PROVIDED MATERIAL:

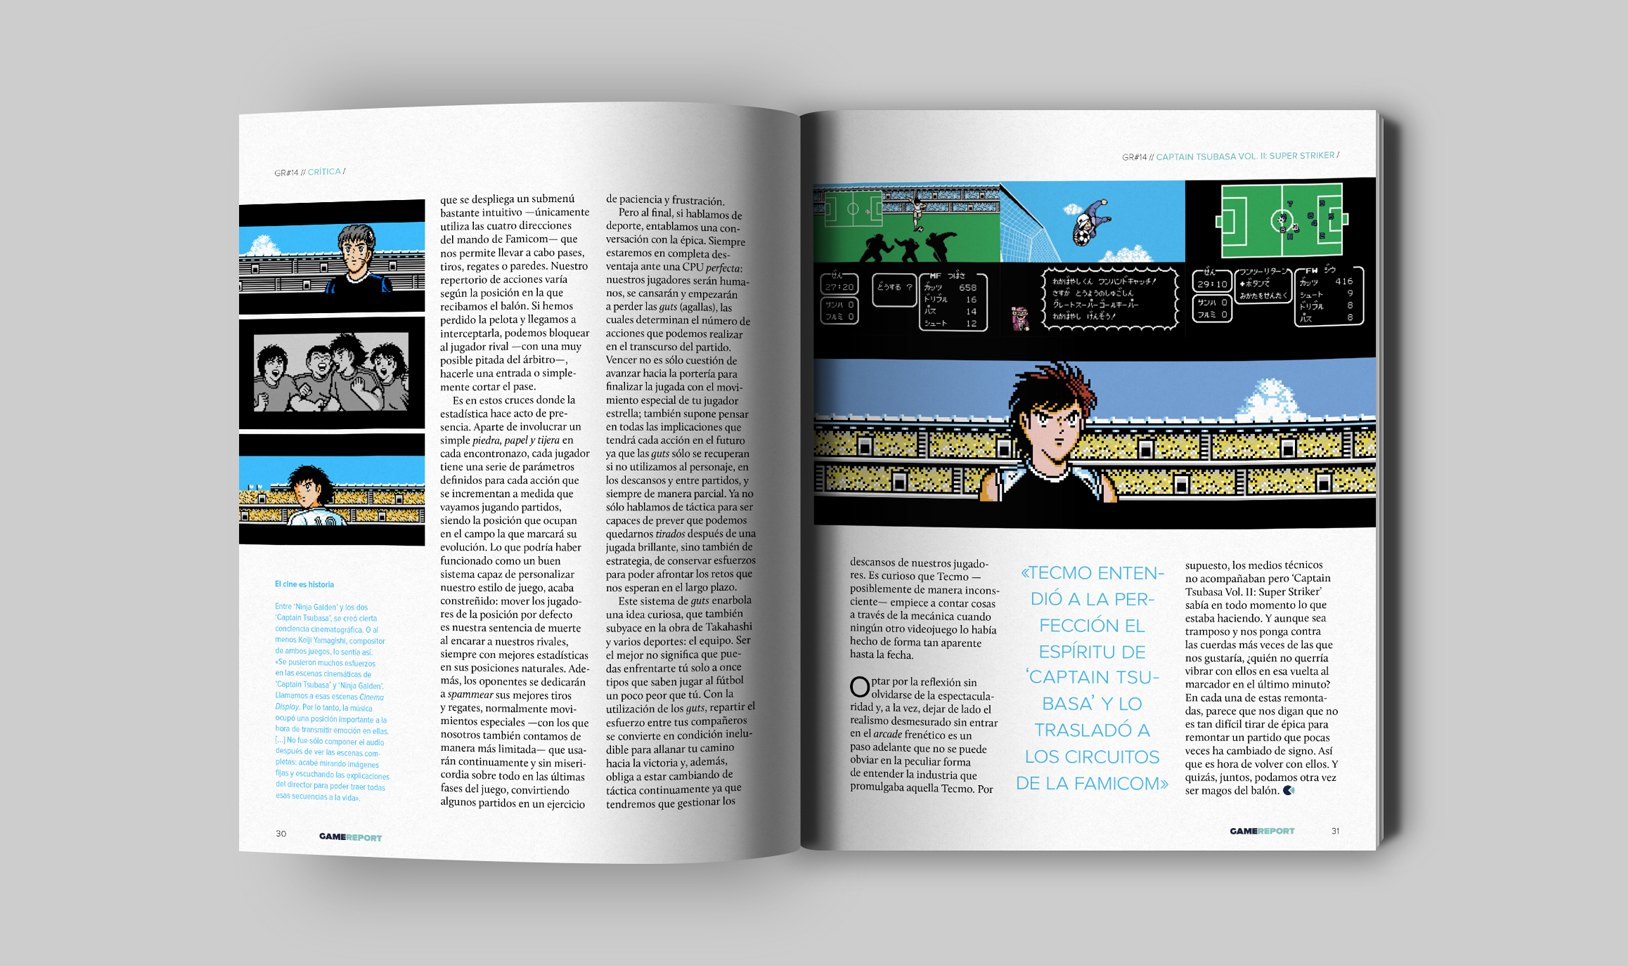 Captain Tsubasa - GameReport #14
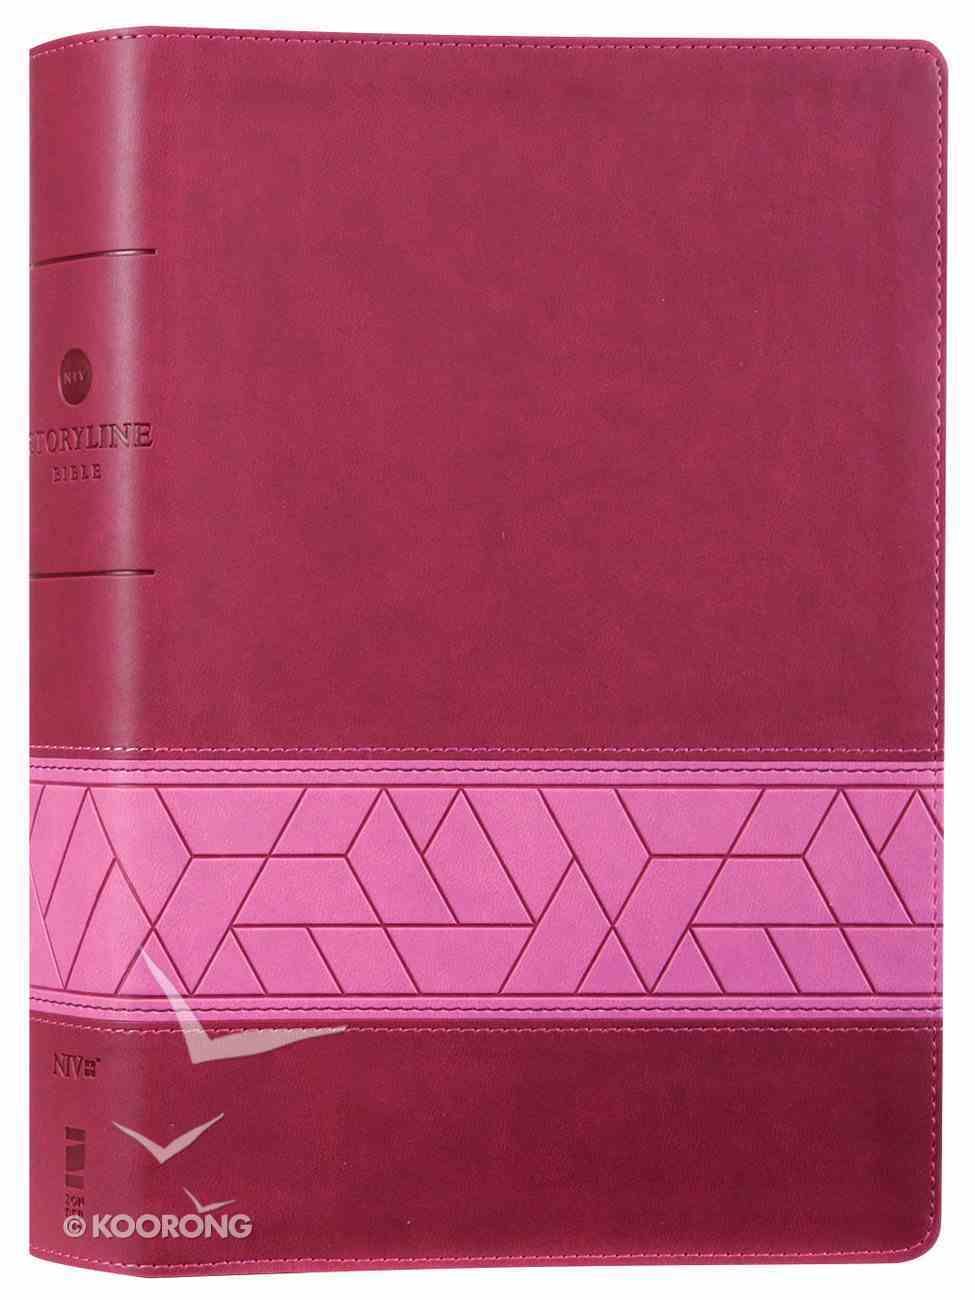 NIV Storyline Bible Pink Premium Imitation Leather
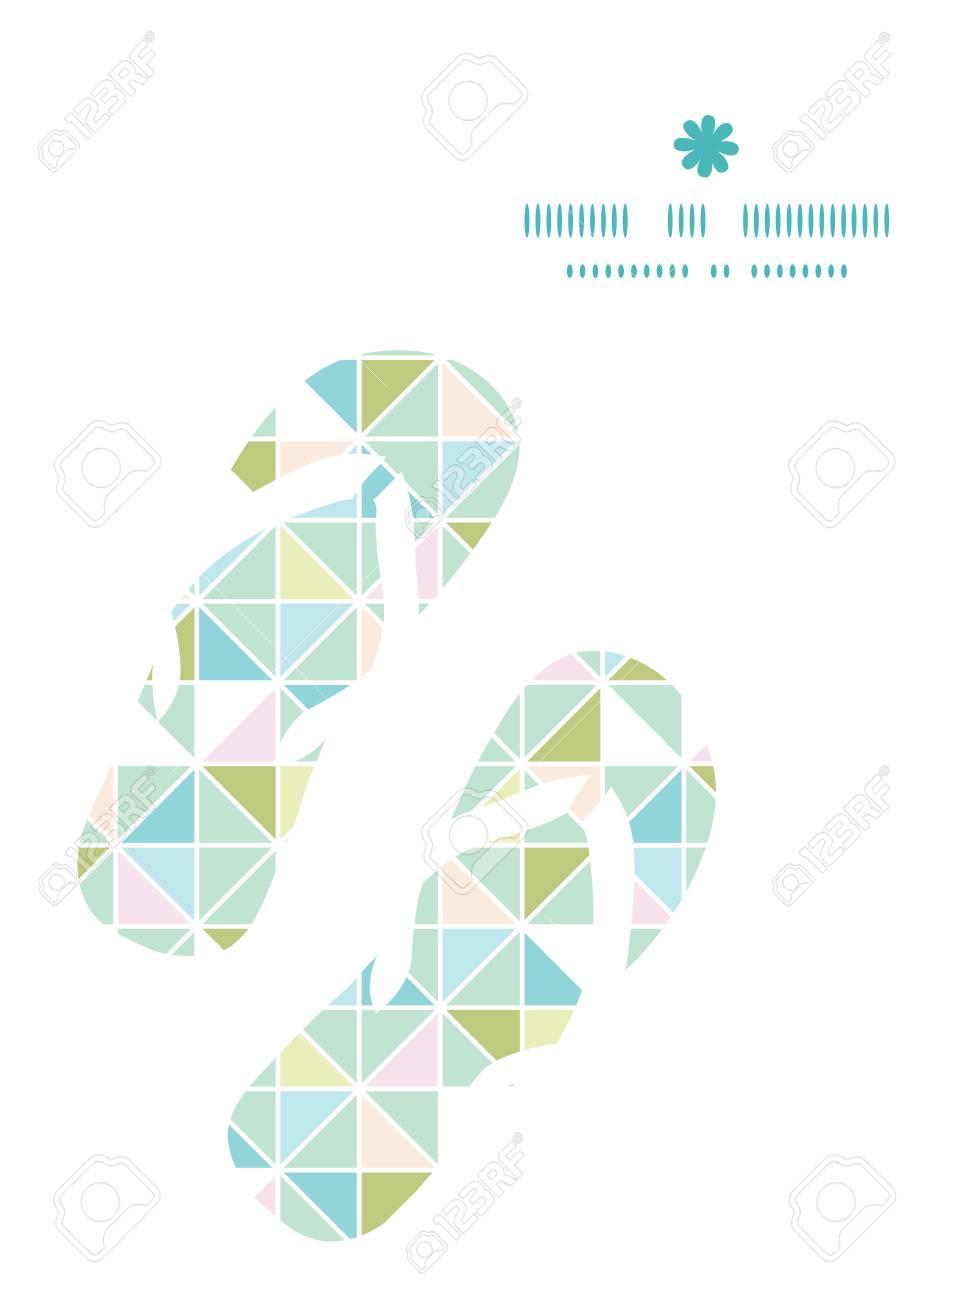 Vector Colorido Pasteles Textura De Triángulo Chanclas Marco Modelo ...
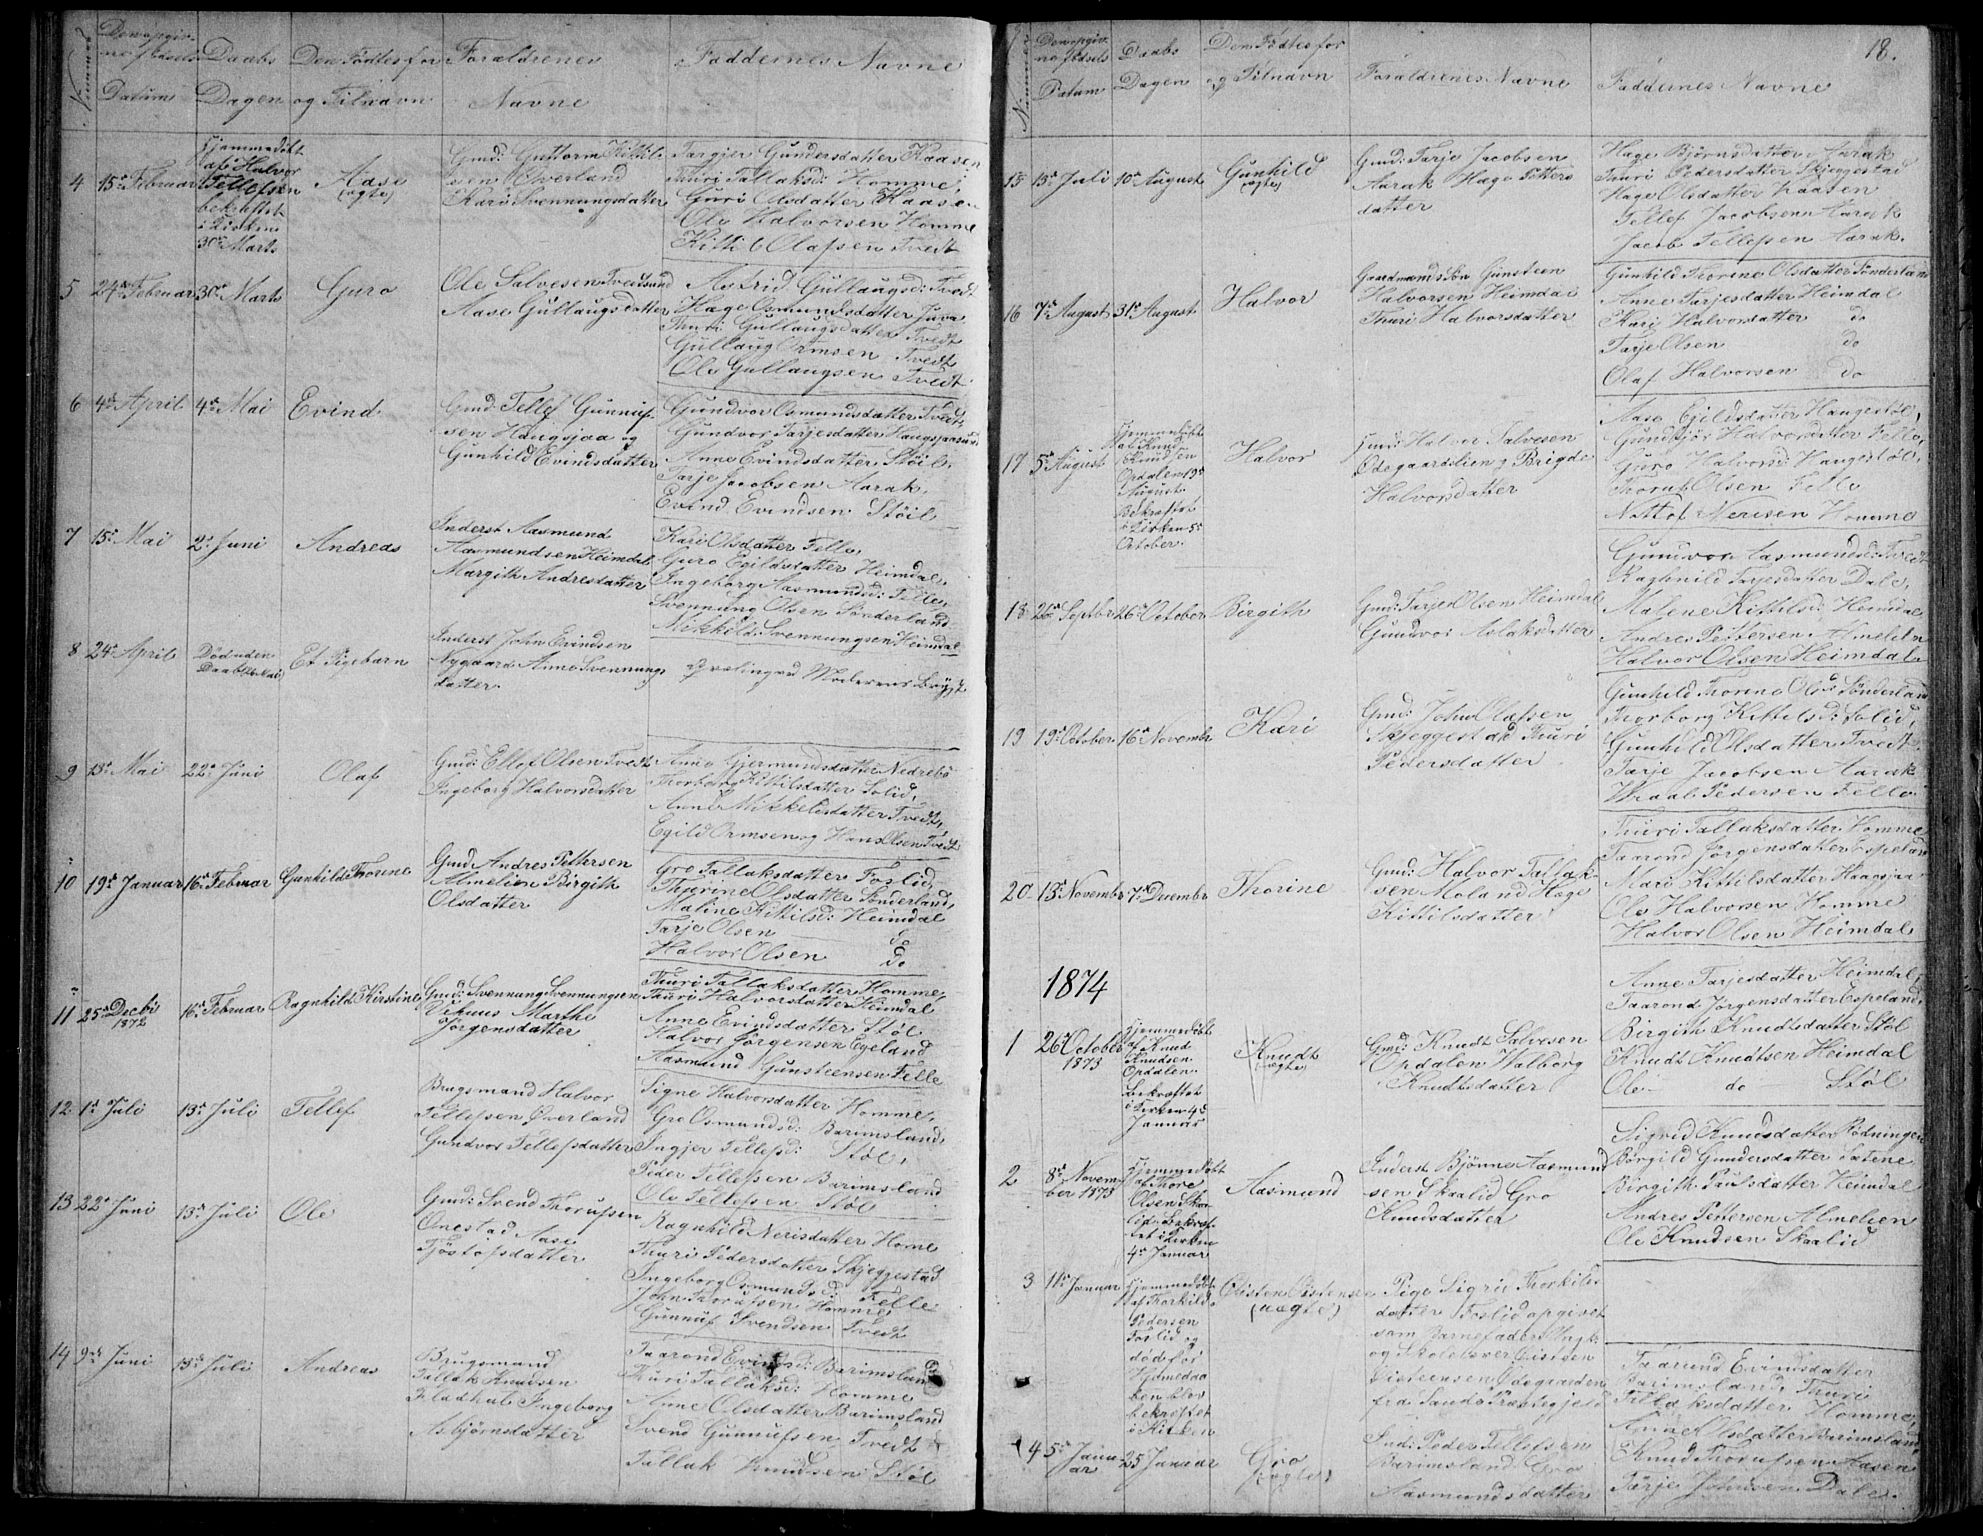 SAKO, Nissedal kirkebøker, G/Gb/L0002: Klokkerbok nr. II 2, 1863-1892, s. 18

ASSIGNED TASK: When you repeat the listing, keep it exact and leave the pictures behind.

EXERCISE ANSWER:
 Captain Tsubasa - GameReport #14
 NIV Storyline Bible Pink Premium Imitation Leather
 Vector Colorido Pasteles Textura De Triángulo Chanclas Marco Modelo ...
 SAKO, Nissedal kirkebøker, G/Gb/L0002: Klokkerbok nr. II 2, 1863-1892, s. 18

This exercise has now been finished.